The computational complexity is O(m³) where m is the number of modes, making it efficient even for moderately large empirical subspaces.
Examples
>>> # Empirical basis from SVD
>>> U, s, Vt = np.linalg.svd(F_snapshots, full_matrices=False)
>>> sampled_basis, indices = deim_obj.deim_red(U, n_modes=10)
>>> print(f"Condition number: {np.linalg.cond(sampled_basis):.2e}")select_elems
rom.deim.deim_o.deim.select_elems(sopt=False)Select interpolation points and construct DEIM projection matrix.
TL;DR: Core DEIM algorithm that identifies optimal sampling points and builds the projection matrix for fast nonlinear term approximation.
This method performs the complete DEIM setup:
SVD Analysis: Decomposes nonlinear snapshots to identify dominant empirical modes that capture essential nonlinear behavior patterns.
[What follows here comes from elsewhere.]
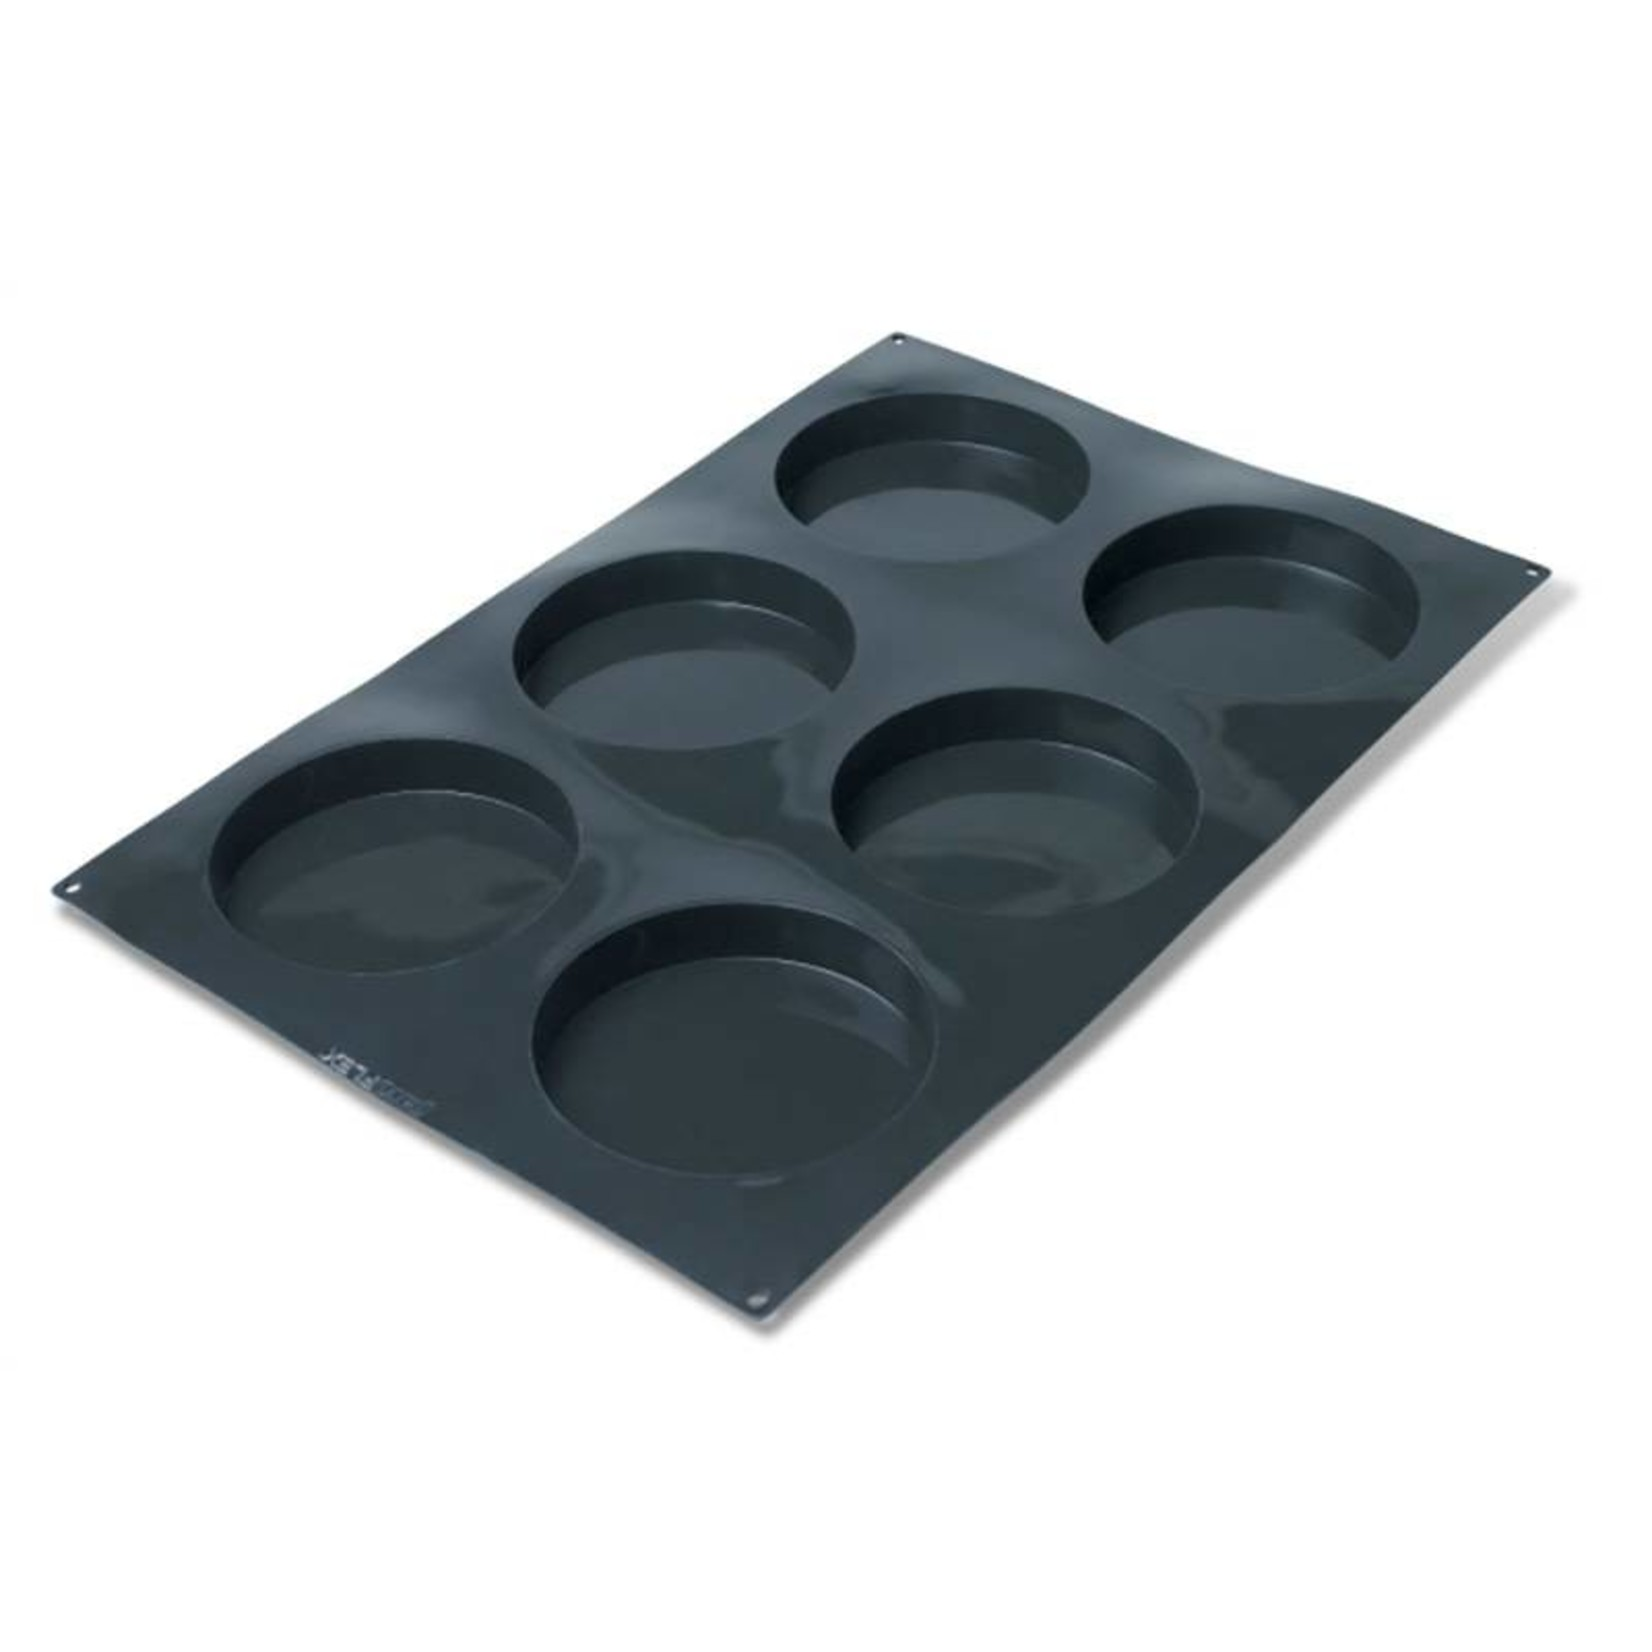 Pavoni Pavoni - Pavoflex silicone mold, Inserimento, (6 cavity), PX061

Mode Selection: Applies tolerance-based truncation with optional extra modes to balance accuracy and computational efficiency.
Point Selection: Uses greedy DEIM algorithm to select interpolation points that minimize approximation error in the empirical subspace.
Element Mapping: Maps selected DOFs to finite element indicators for efficient sparse matrix assembly during online evaluation.
Projection Construction: Builds the DEIM projection matrix that enables reconstruction: F_full ≈ U_fs @ pinv(U_fs[selected_rows, :]) @ F_sampled
Returns
| Name | Type | Description |
|---|---|---|
| deim_mat | ndarray of shape (n_modes, n_selected_points) | DEIM projection matrix for reconstructing full nonlinear terms from sampled values. Used as: F_approx = V.T @ U_fs @ deim_mat @ F_sampled |
| sampled_rows | list of int | Indices of degrees of freedom selected as DEIM interpolation points. These are the only DOFs where nonlinear terms need evaluation. |
Notes
The projection matrix construction uses the Moore-Penrose pseudoinverse to ensure numerical stability even when the empirical basis is not perfectly conditioned.
The element mapping (self.xi) enables efficient assembly by identifying which finite elements contribute to the selected DOFs, allowing sparse matrix operations during online evaluation.
Examples
>>> deim_obj = deim(mesh, F_snapshots, basis_matrix)
>>> proj_matrix, points = deim_obj.select_elems()
>>> print(f"Selected {len(points)} points from {F_snapshots.shape[0]} DOFs")
>>> print(f"Reduction ratio: {F_snapshots.shape[0]/len(points):.1f}x")sopt_red
rom.deim.deim_o.deim.sopt_red(f_basis, num_f_basis_vectors_used)Perform an S-optimal sampling reduction on the given basis. This method uses a QR factorization to extract an orthogonal basis and then iteratively selects the most representative rows (sampling points) based on a defined objective.
Parameters:
f_basis : ndarray The original basis matrix (from the nonlinear force snapshots). num_f_basis_vectors_used : int The number of basis vectors (modes) to consider.
Returns:
f_sampled_row : ndarray The rows of the basis matrix corresponding to the selected sampling points. Z_indices : list List of indices (row numbers) that were selected. Z_boolean : ndarray Boolean vector indicating which rows have been selected.